On the second day that Queens children headed back to school, black and Latino lawmakers joined forces with five mayoral candidates and the Campaign for Fiscal Equity to blast the governor for trying to block a court decision that increased state funding to the city’s public schools

State Assemblywoman Barbara Clark (D-Queens Village) helped to lead the fight against Gov. George Pataki’s appeal of State Supreme Court Judge Leland DeGrasse’s January ruling in favor of the Campaign for Fiscal Equity at a Friday news conference in Manhattan.

The ruling ordered the state Legislature to find a better system of providing money for schools in the state’s five largest cities led by New York.

In front of State Supreme Court in Lower Manhattan, Clark was joined by three of the Democratic mayoral candidates — Fernando Ferrer, Mark Green and Alan Hevesi — and other politicians to file a friend-of-the-court brief in support of the CFE decision.

Democratic mayoral candidate Peter Vallone and Republican candidate Michael Bloomberg signed the brief but did not attend the news conference. The CFE must file its brief against the Pataki by Sept. 21.
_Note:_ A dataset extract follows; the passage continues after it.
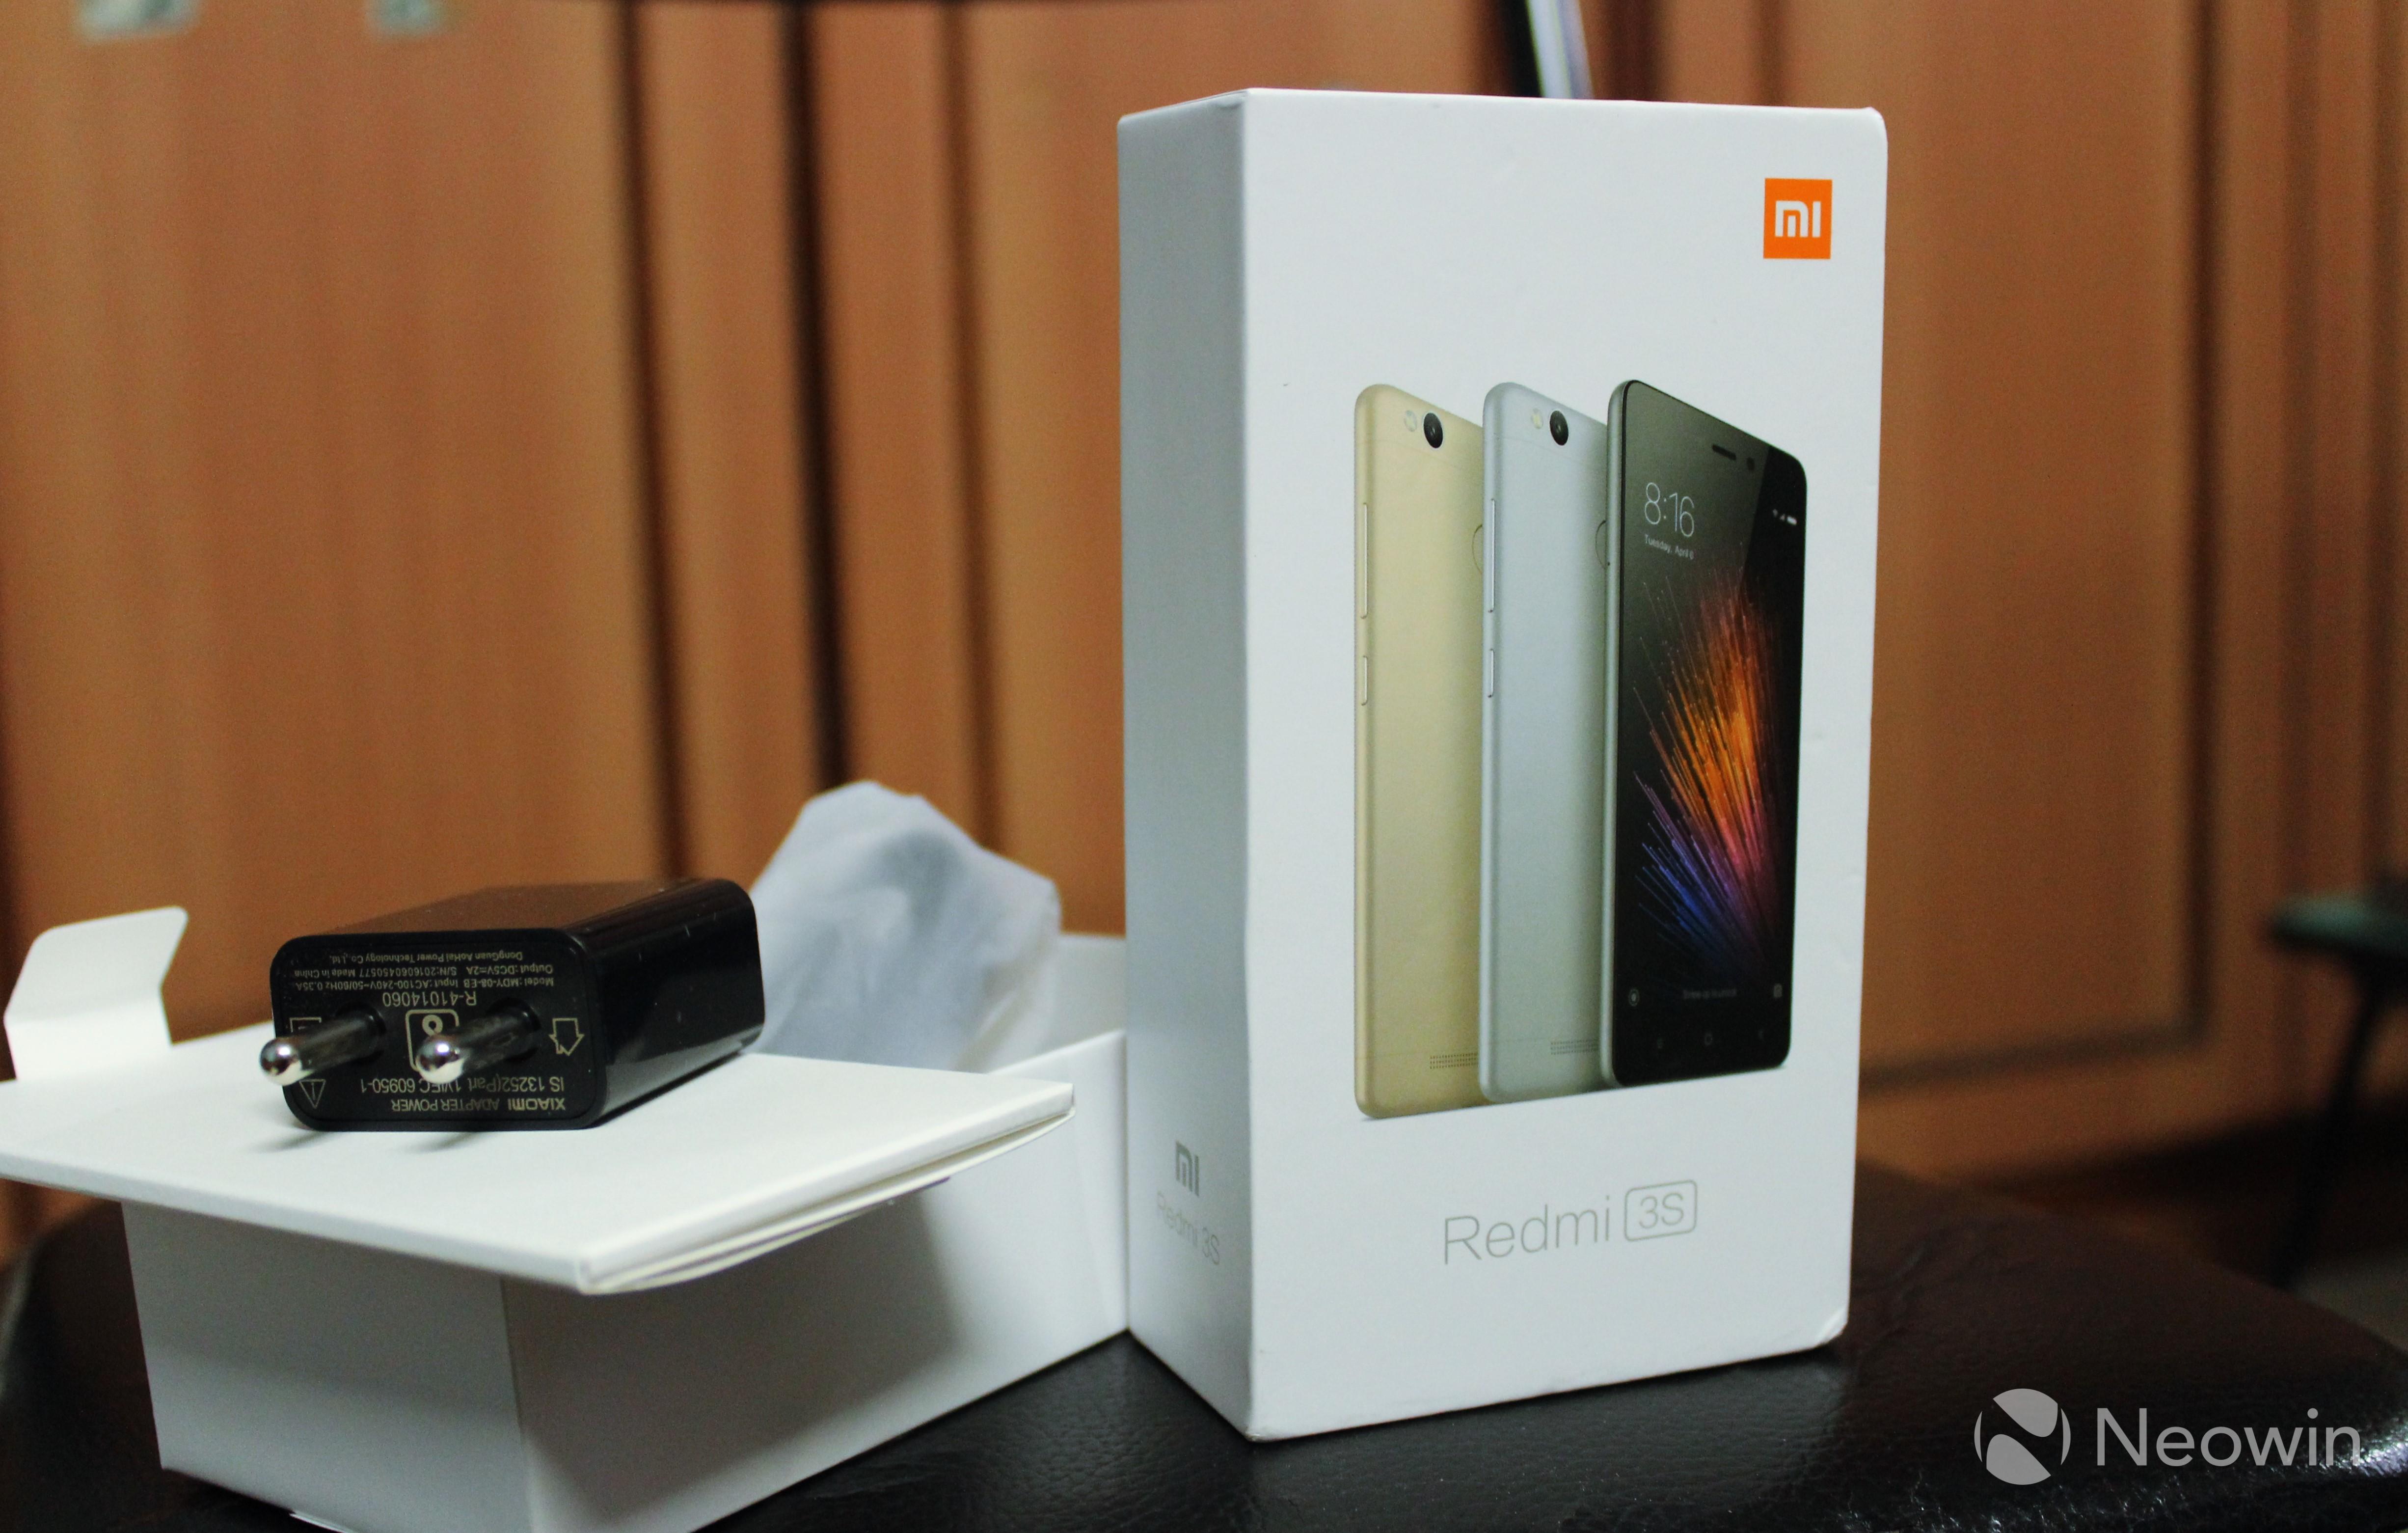 Xiaomi Redmi 3S Prime Review: Plenty of hits, a few misses

“We will continue to battle the governor in court until he adequately funds our children’s schools,” Clark, the leader of the education committee of the Black and Latino Caucus, said. “The governor must be made to feel political pressure now, so that our children are not forced to endure another academic year without the resources, teachers and facilities they need to succeed.”

She said the added funding will increase the overall spending on each student from about $6,000 to about $10,000.

In addition, she said, the extra money will go a long way to alleviate the overcrowding throughout the borough, which has the most severe overcrowding problem in the city.

“This is amazing coming from the same legislators who just voted to cut New York City school aid from 38 percent to 16 percent of the state-wide total,” said Joseph Conway, a spokesman for Pataki. “While the governor is working hard to reform the school aid formula to benefit New York City, these legislators just say one thing to the press and then vote to shortchange the children of New York City.”

In his ruling, DeGrasse cited overcrowded schools in Queens and the other boroughs to illustrate the city’s overwhelming need for additional resources. DeGrasse’s decision was hailed by the Campaign for Fiscal Equity, a coalition of parents and advocacy groups that originally filed the lawsuit in 1993 and drew praise from many borough political leaders.

Observers have cited a deficiency in state funding as one of the reasons for severe overcrowding in Queens public schools. The city Board of Education has 38 percent of the state public school population but receives only 35.5 percent of the state’s educational budget, said the CFE.

Ferrer said the current funding formula is “robbing the future of New York City children.” The disproportion in funding has been going on for 20 years and is the reason why upstate and suburban children have so much more at their fingertips in the classroom.

“It is bad enough that for years Albany has discriminated by budgets and construction formulas against New York City kids,” said Green. “It is outrageous and indefensible for the governor to willfully appeal this decision and continue a discrimination that has now been proven.”

Hevesi said all Pataki is doing is prolonging the inevitable. “The shame of this is we will win this case. We will win on appeal.”